Every successful applied AI company in the US, he noted, has strong “forward deployed engineering capabilities,” the ability to work closely with customers to solve real-world problems. India’s IT industry, he said, has matured into precisely that skill set.

“The workforces that you have here are actually pretty good at it,” he said. The shift required is from traditional digital transformation tools to AI toolsets, solving customer problems in structurally new ways.

He also suggested that the very definition of products is changing. Rather than building a “minimum value of product” to sell repeatedly, founders must understand the fast-evolving capabilities of AI models and focus on solving customer problems directly.

“It doesn’t need to be a discrete product. It needs to understand the problems and solve them structurally,” he said.

In sectors such as healthcare, Taneja sees India as well positioned to leapfrog legacy systems rather than retrofit them.

“If you can solve it for a billion people with all the complexities that lie here in India, you are going to be well positioned to solve these problems globally,” he said, drawing parallels with India’s digital innovations that have scaled rapidly.

On agriculture, he was equally bullish. “Agriculture is the last manufacturing process we leave for the elements,” he said. Using AI to optimise yield, food quality and scalability, particularly when combined with robotics and control systems, could transform the sector.

“I think every industry will get transformed,” he added.

Addressing the most contentious question of the summit, Taneja acknowledged the disruption ahead.

“The reality is, when you think about the AI technology adoption, it does impact jobs,” he said. “There are a lot of jobs that finally have to change, maybe tasks more than jobs, but they are going to change.”

At the same time, he warned against resisting adoption. “If you don’t lean into it, the businesses aren’t going to be competitive, and then you won’t have access to the markets to begin with.”

The solution, he stressed, is intentional skilling.
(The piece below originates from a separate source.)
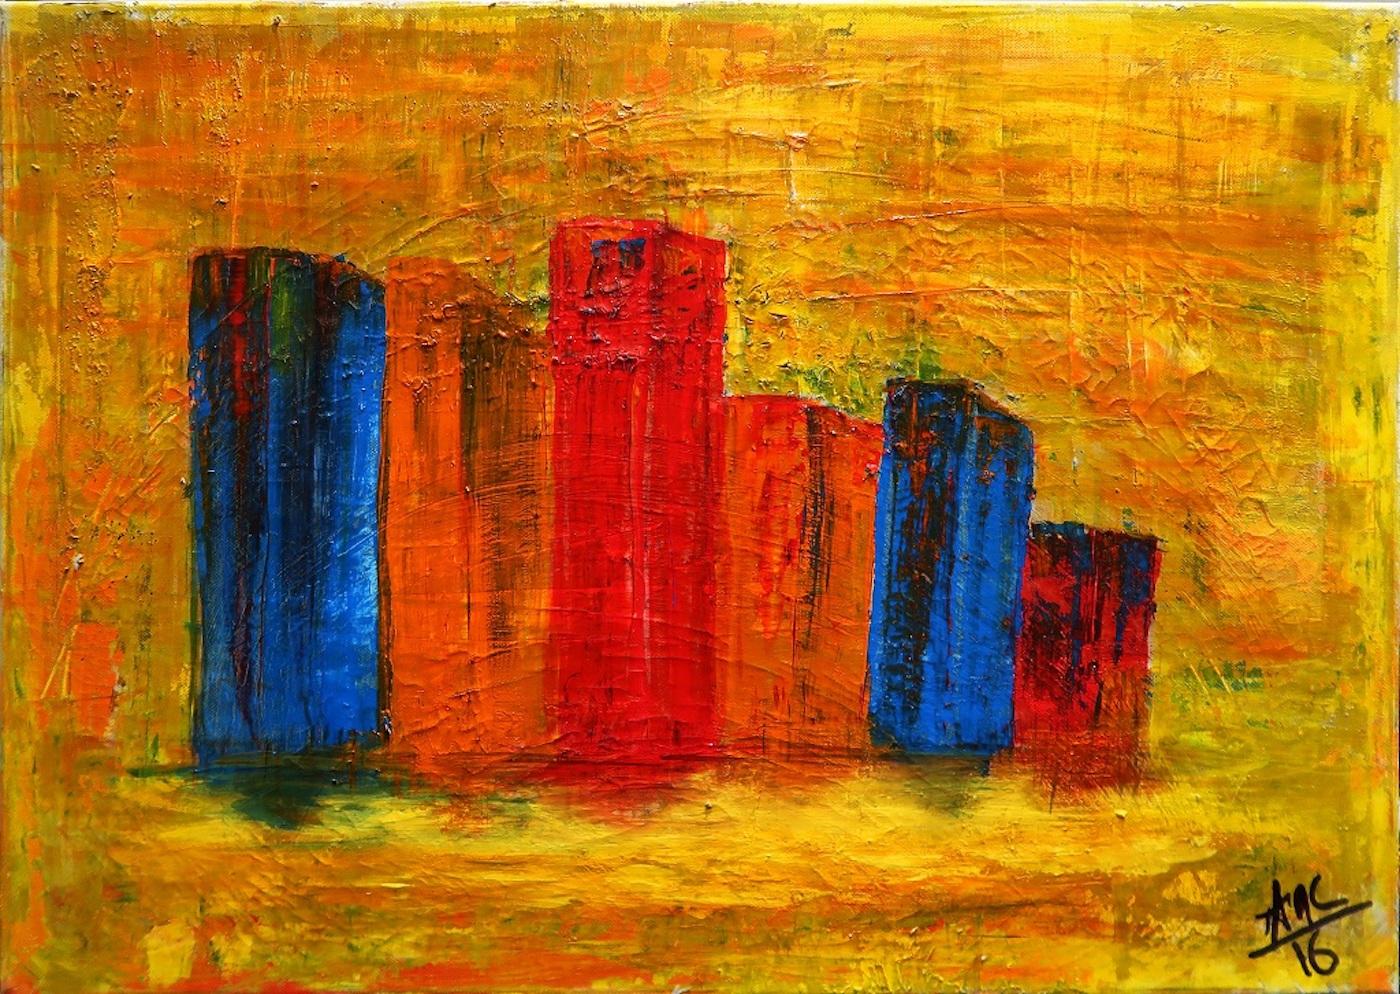 Anna Maria Caboni Abstract Painting - City 2 - Acrylic by A.M. Caboni - 2016

India’s digital-native generation must “lean into AI and use it to enhance their core capabilities, so the workforce is that much more productive and enhanced.”

In his closing remarks, Taneja offered clear advice to Indian entrepreneurs:

“Lean into AI, learn it, internalise it and use it.”

And more importantly, he urged founders to solve problems that improve Indian lives. “If we can solve those problems here, especially in a growth economy like this, you’ll create interesting businesses, but I also think you’ll create global reach with those ideas.”

For Taneja, India’s AI future will not hinge on competing in foundational models but on building applied solutions at scale. In his words, the key is simple: lean into AI or risk being left behind.